The kinesin-3 motor protein, GAKIN, is regulated by the direct binding of its protein cargo hDlg. Direct binding of the SH3-I3-GUK module of hDlg to the MAGUK Binding Stalk domain of GAKIN activates the microtubule-stimulated ATPase activity of GAKIN (Hanada et al., 2000; Yamada et al., 2007; Unno et al., 2008).
Using the yeast two-hybrid screening a novel protein from a human cDNA library was isolated as a binding partner of DLG1. This protein is a component of TJs rather than AJs (where DLG1 is normally found), even if it is incorporated into TJs after TJ strands are formed, and therefore it is named Pilt (protein incorporated later into TJs) (Kawabe et al., 2001).
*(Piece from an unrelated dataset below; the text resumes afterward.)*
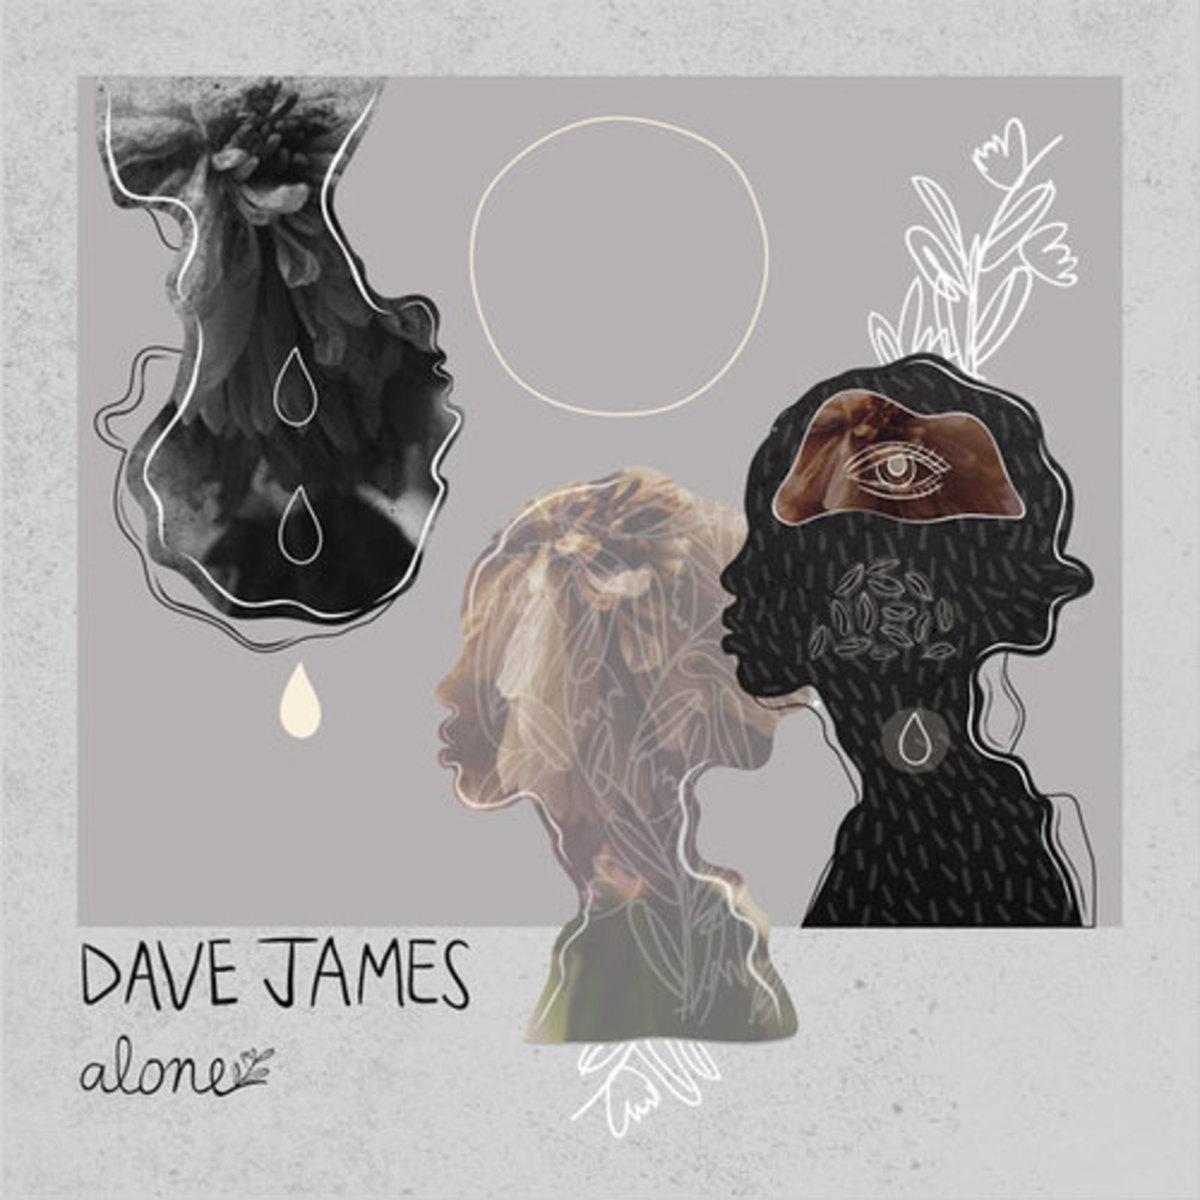 dave-james-alone.jpg
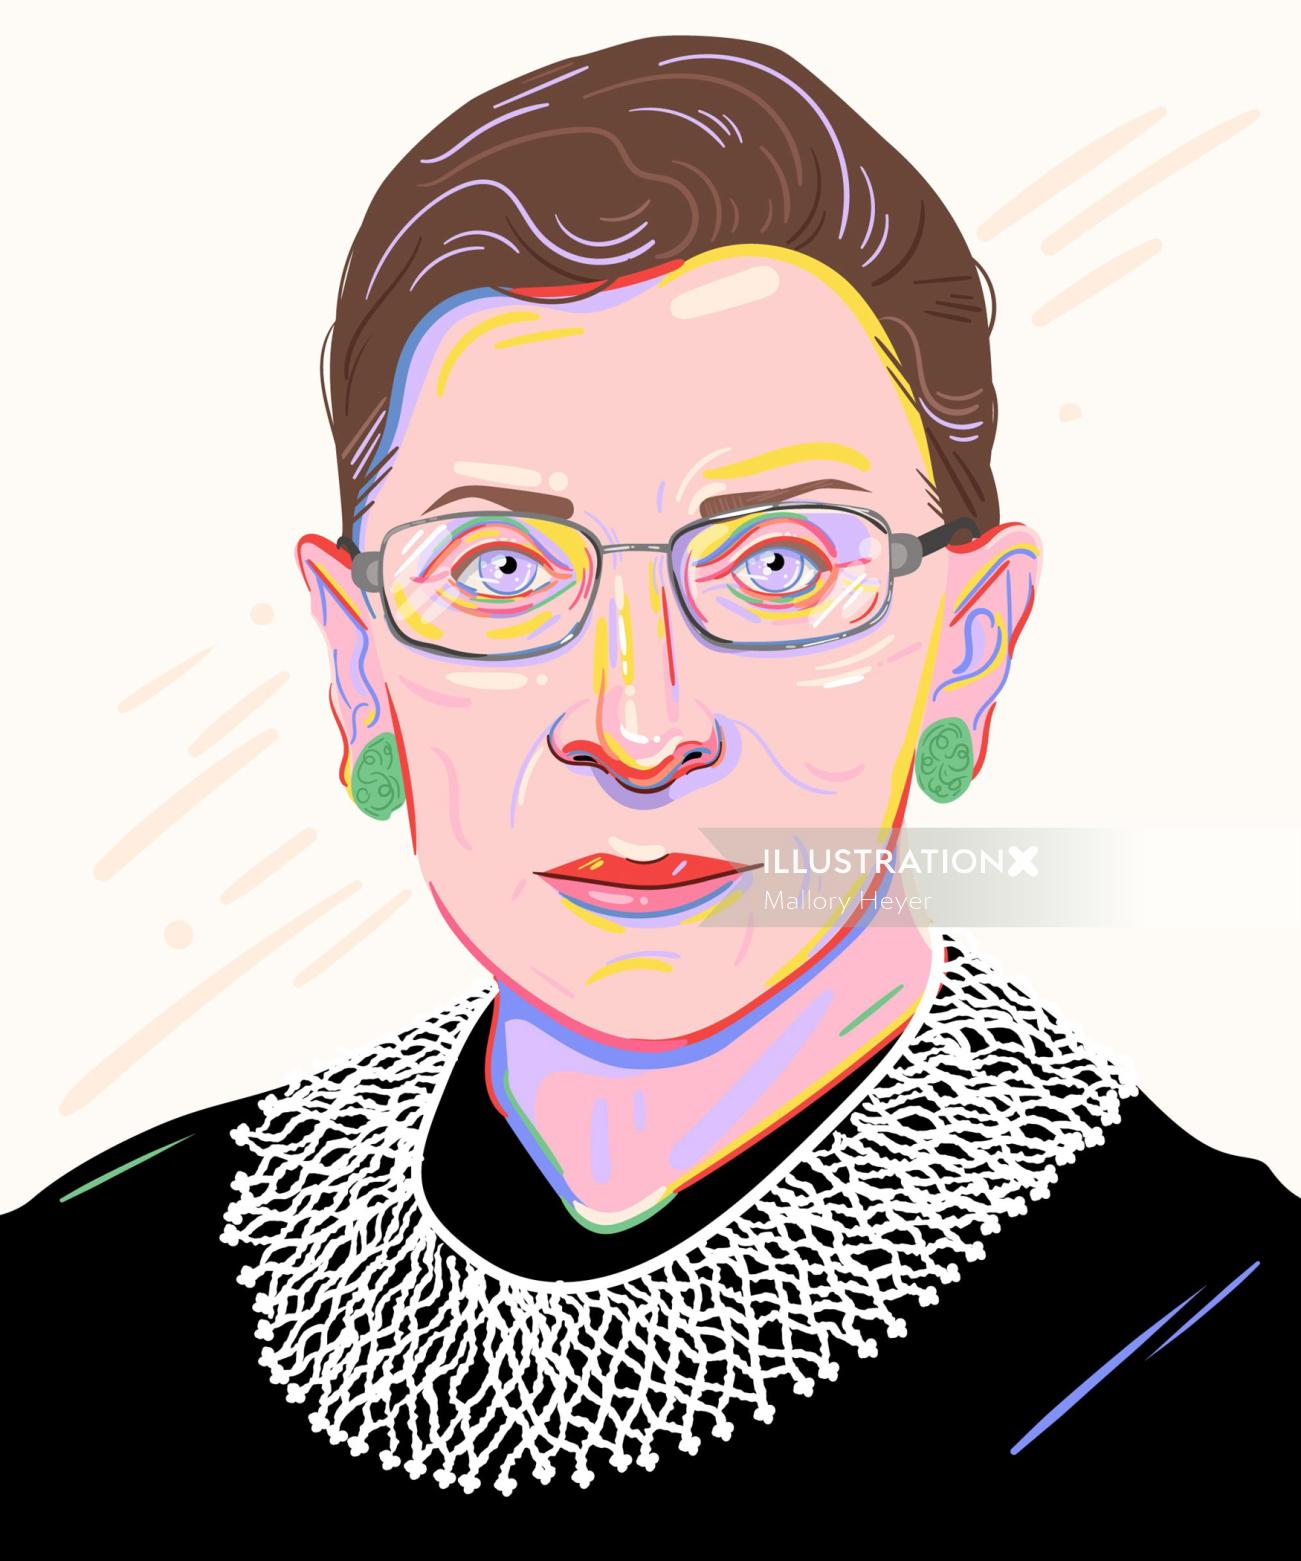 Portrait illustration of Ruth Bader Ginsburg

DLG1 is known to interact also with several human virus oncoproteins : HPV E6 (Lee et al., 1997; Kiyono et al.,1997, Gardiol et al., 1999) through its C-terminus and DLG1 PDZ2 domain and as result is subjected to proteasome mediated degradation; HTLV-1 TAX (Suzuki et al., 1999), via the C-terminus of Tax and the PDZ domain of hDLG. Tax prevents the binding of hDLG to APC tumor suppressor gene product, suggesting the mechanism for inhibition of hDLG function; Adenovirus type 9 E4-ORF1 specifically requires endogenous DLG1 to provoke oncogenic activation of phosphatidylinositol 3-kinase (PI3K) in cells. E4-ORF1 binding to Dlg1 on ts PDZ domain triggers the resulting complex to translocate to the plasma membrane and, at this site, to promote Ras-mediated PI3K activation, suggesting a surprising oncogenic function for DLG1 in virus-mediated cellular transformation (Frese et al., 2006; Chung et al., 2007). Moreover, phosphatidylinositol 3-kinases are one class of signaling molecules reported to regulate adherens junction and to be activated by adherens junction assembly . While the exact molecular mechanisms involved are not clear, data indicate that one of the earliest events likely involves c-Src which is rapidly activated by E-cadherin-mediated cellular aggregation and may facilitate the recruitment and activation of PI3K to E-cadherin-containing complexes. Beta-catenin, gamma-catenin and hDlg which are present at cell-cell adhesions can act as docking proteins for PI3K (Rivard N. 2009).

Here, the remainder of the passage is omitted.